The Rise of Performative Eating
Scroll through any social media feed in India, and you'll find a buffet of absurdity. A thali so large it requires two people to carry it. A biryani pot topped with flaming charcoal. A vada pav coated in edible gold leaf. This isn't just food; it's content.
Every dish is a potential spectacle, engineered not necessarily for taste but for its visual 'wow' factor. We've entered an era of performative eating, where the primary purpose of a meal is to be filmed, photographed, and shared. These stunts thrive on novelty. They offer a jolt of surprise in an otherwise predictable timeline.

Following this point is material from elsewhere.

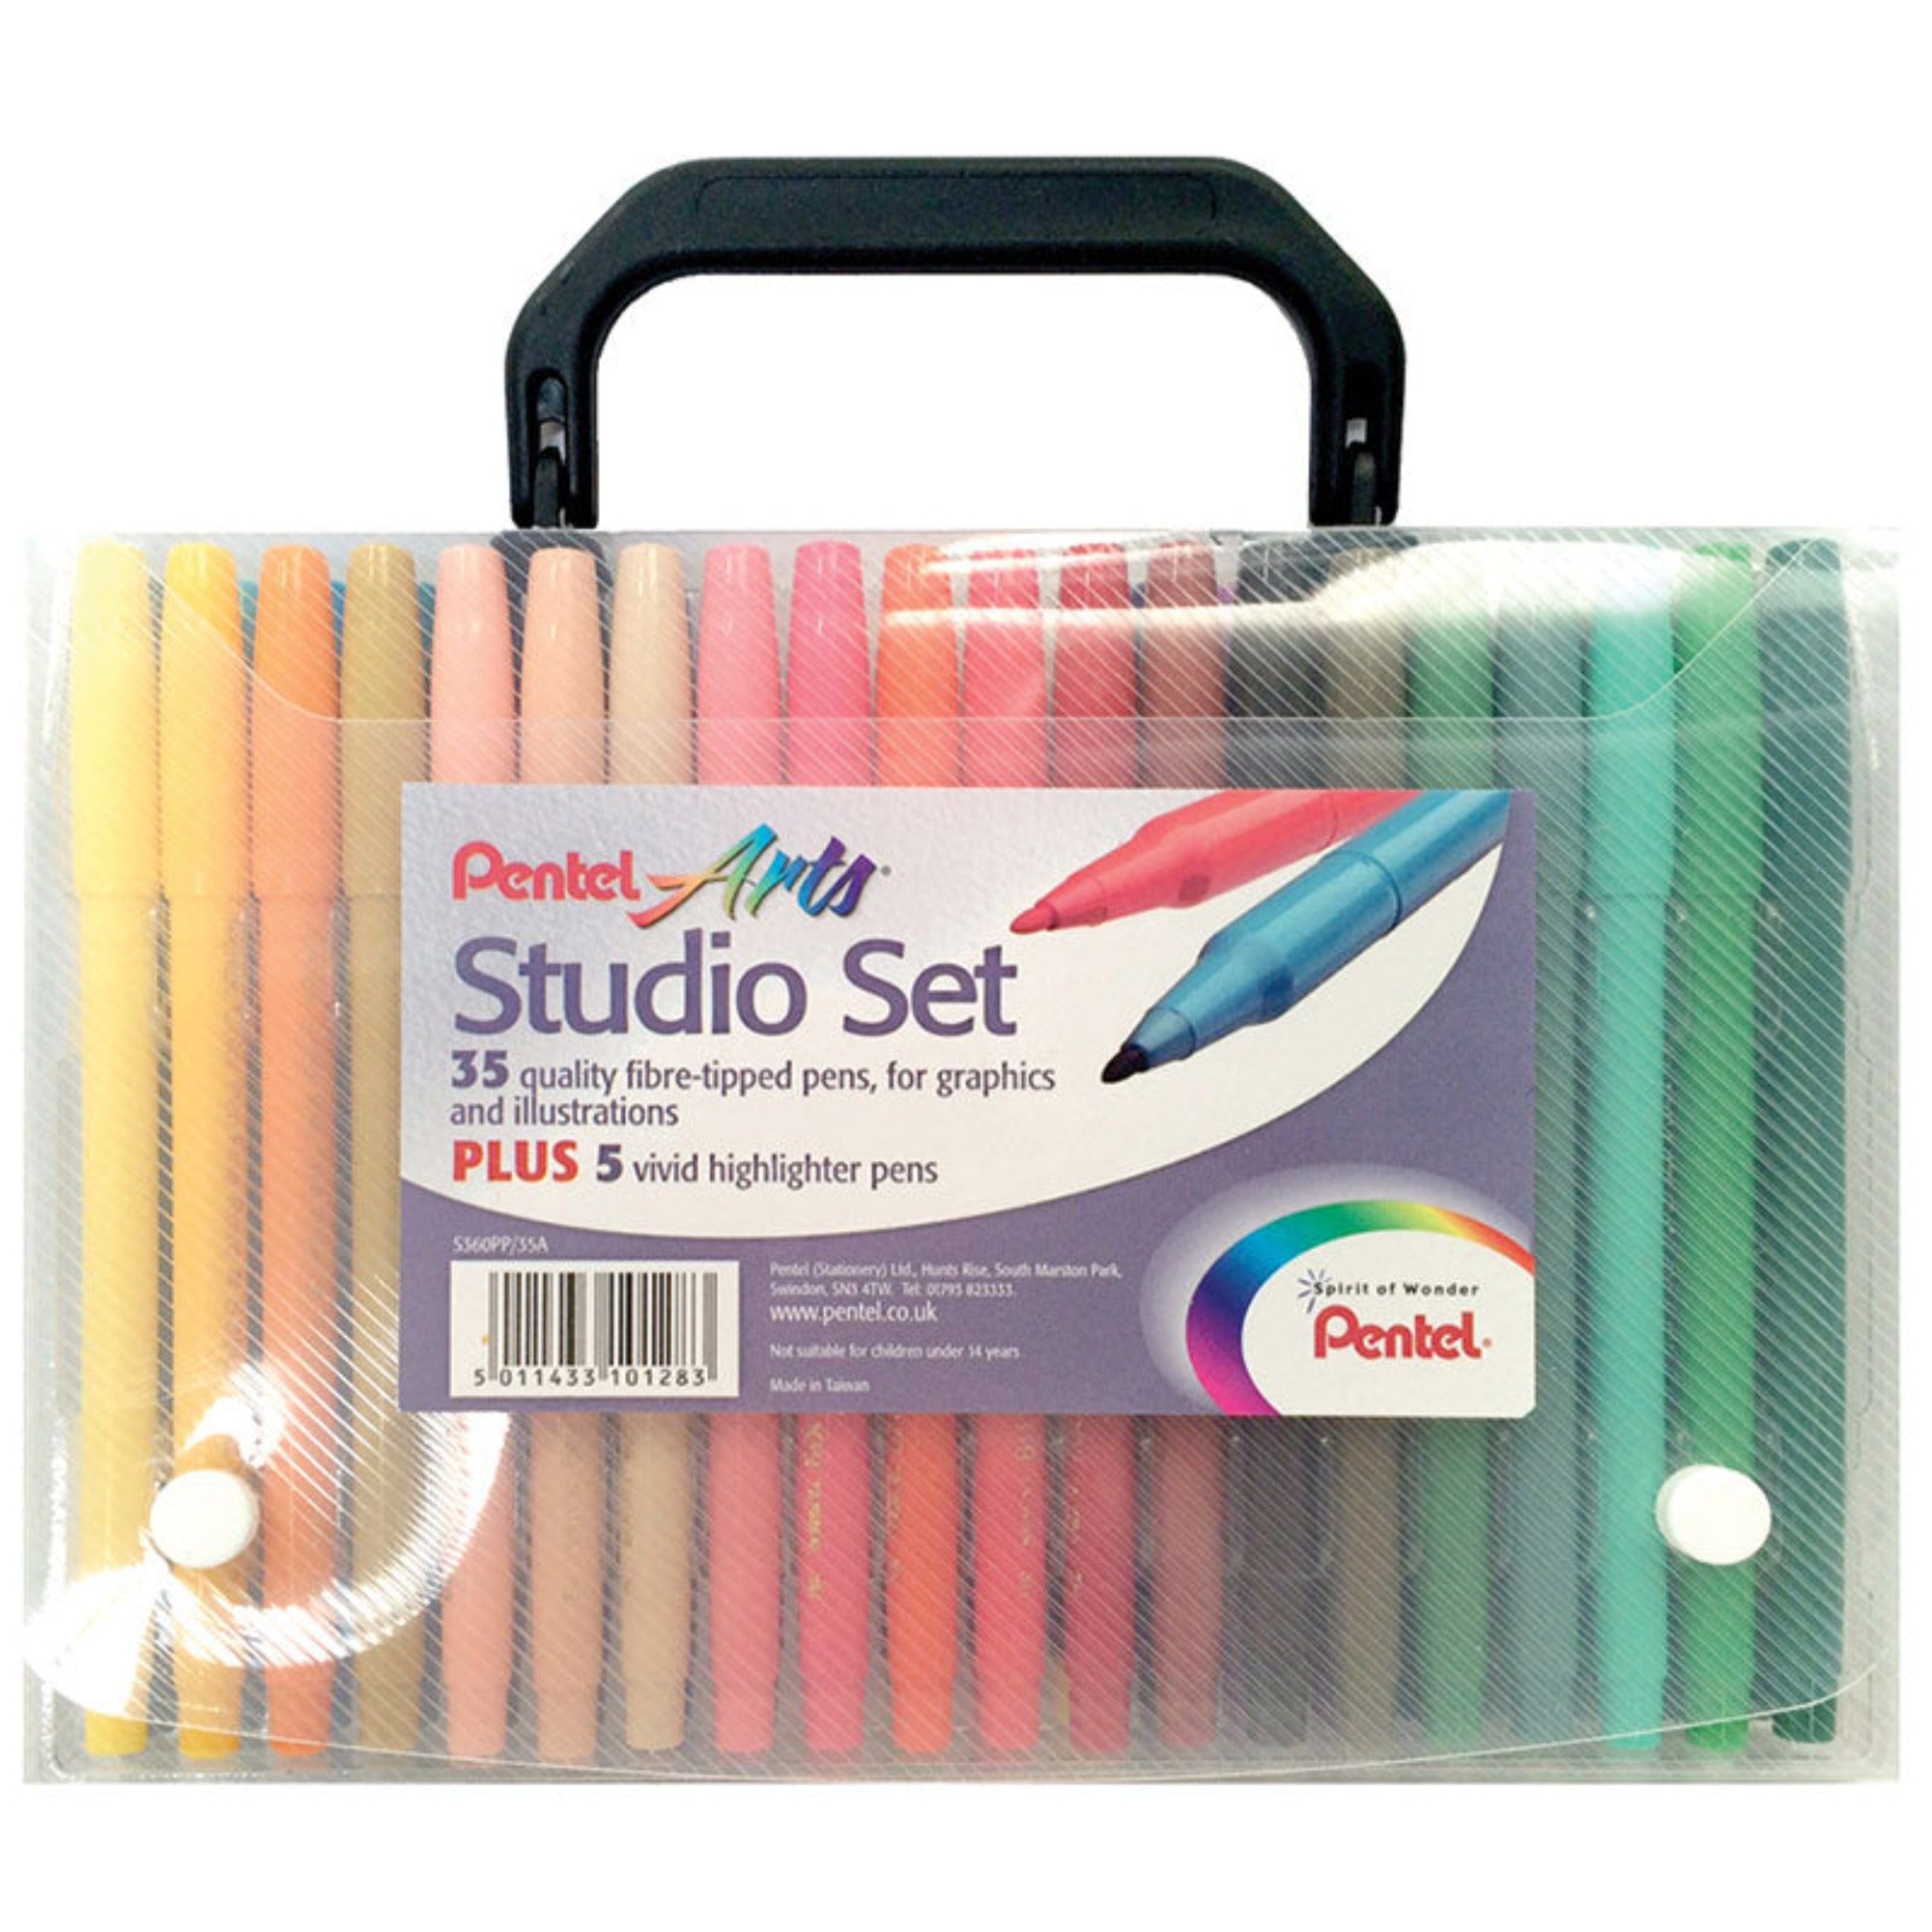 Pentel Arts STUDIO Fibre-Tipped Pens - Set of 35

The 'flying dosa' maker in Mumbai or the 'fire paan' vendor in Delhi aren't just cooks; they're entertainers. Their kitchens are stages, and their ingredients are props. While there's a certain fleeting fun to it, this trend reduces the profound act of cooking and eating to a cheap gimmick. The focus shifts from flavour, texture, and aroma to the shock value of the presentation. It’s a transaction designed for a 15-second reel, not for lasting satisfaction.
The Empty Calories of Virality
The problem with food-as-spectacle is that, like most spectacles, it’s often hollow. Once the camera is turned off and the post is uploaded, what remains? Often, a lukewarm, overpriced dish that prioritised looks over substance. The giant paratha is more dough than filling, the cheese pull is achieved with additives that compromise texture, and the gold leaf adds nothing to the taste but plenty to the bill. This culture of viral stunts creates a cycle of culinary FOMO (Fear Of Missing Out). We chase the next big thing, ticking off trending foods like items on a checklist. But the dopamine hit is short-lived. It’s the sugar rush of the food world—an intense spike followed by a crash. It lacks the deep, slow-burning energy that comes from a truly nourishing experience. We consume the image of the food more than the food itself, leaving us digitally full but emotionally and gastronomically hungry for something more.

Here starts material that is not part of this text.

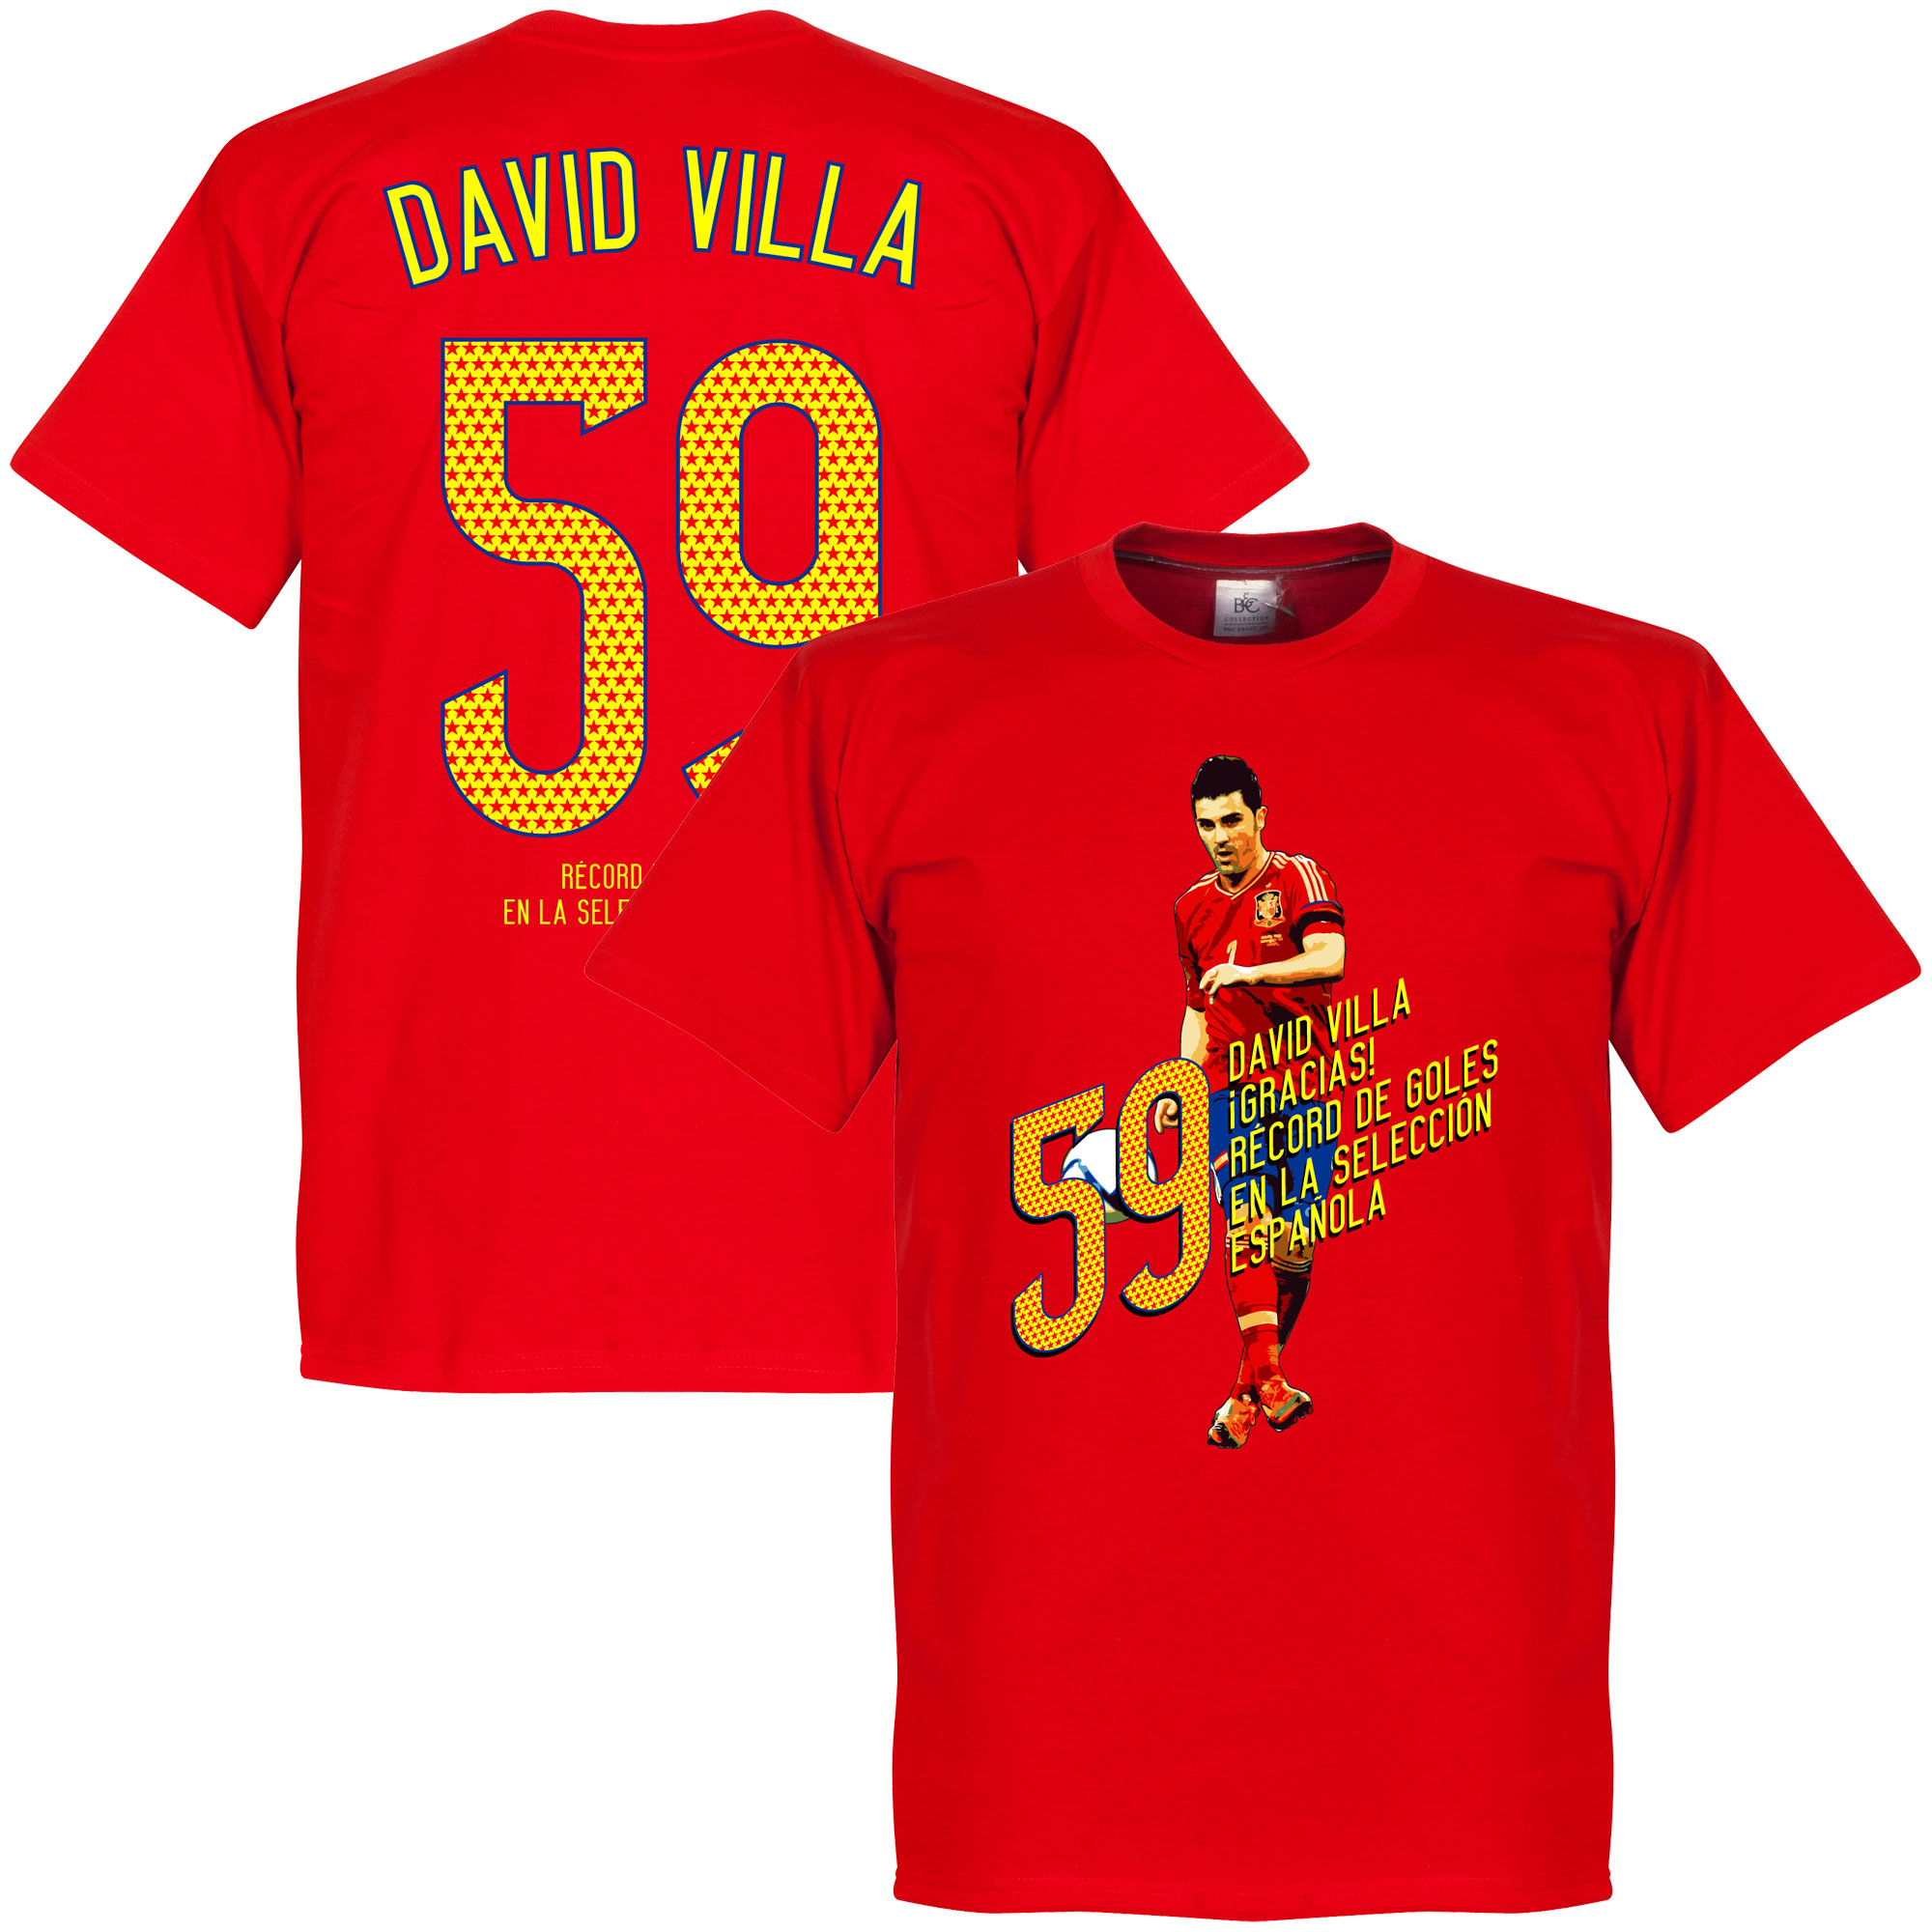 David Villa 59 Goals T-Shirt M

Defining the 'Meaningful Meal'
So, what is the antidote? It’s the meaningful meal. This isn’t about expensive ingredients or complicated techniques. Its value lies not in what’s on the plate, but in the context surrounding it. A meaningful meal is steeped in memory, connection, and tradition. It’s the simple rajma chawal your mother makes, a recipe perfected over decades that tastes like home. It’s the steaming hot chai and pakoras shared with friends on a rainy afternoon, the conversation flowing as freely as the tea. It’s the festive feast of puri, kheer, and sabzi prepared during Diwali, each dish carrying the weight of generations of tradition. It’s the lunchbox meal shared with office colleagues, a small act of community in the middle of a hectic day. These meals are about commensality—the act of eating together. They are about storytelling, with every bite evoking a memory or creating a new one. The flavours are intertwined with emotions: love, comfort, celebration, and belonging. This food isn't designed to be viral; it's designed to be vital.

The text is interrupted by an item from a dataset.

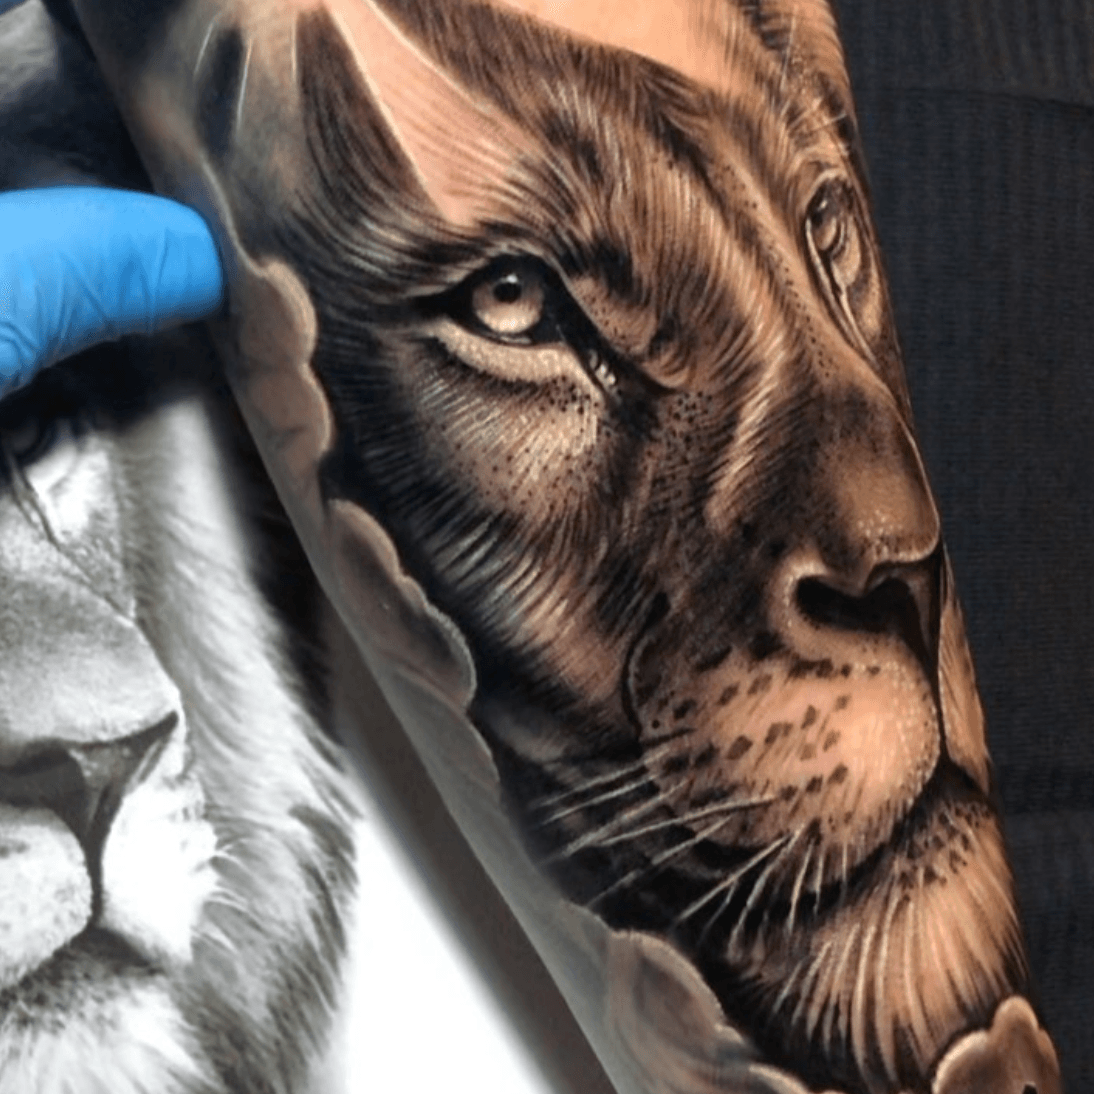 Tattoo Guy on Tumblr: Snarling Lion's Head Tattoo in progress! #LionTattoo # Lion #RealisticTattoo #Realism #Roar #WorkinProgress #FollowMe #TattooGuy...

Choosing Connection Over Clicks
Pitting a home-cooked meal against a viral food stunt isn't a fair fight, because they aren’t competing on the same terms. One is an experience, the other is an event. One is about nourishment, the other is about novelty. The choice isn't about being a food snob or rejecting fun. It's about being intentional with what we seek from our food. There's a quiet joy in sitting down to a meal that requires no documentation. A meal where the only audience is the people you're with, and the only 'like' that matters is the satisfied silence after the first bite. These are the meals that build the fabric of our lives. They are the landmarks of our personal histories. The taste of your grandmother’s pickle will linger in your memory far longer than the image of a nitrogen-smoked dessert. The comfort of a simple khichdi when you’re unwell provides a solace that no 1,000-rupee gold-plated dish can buy.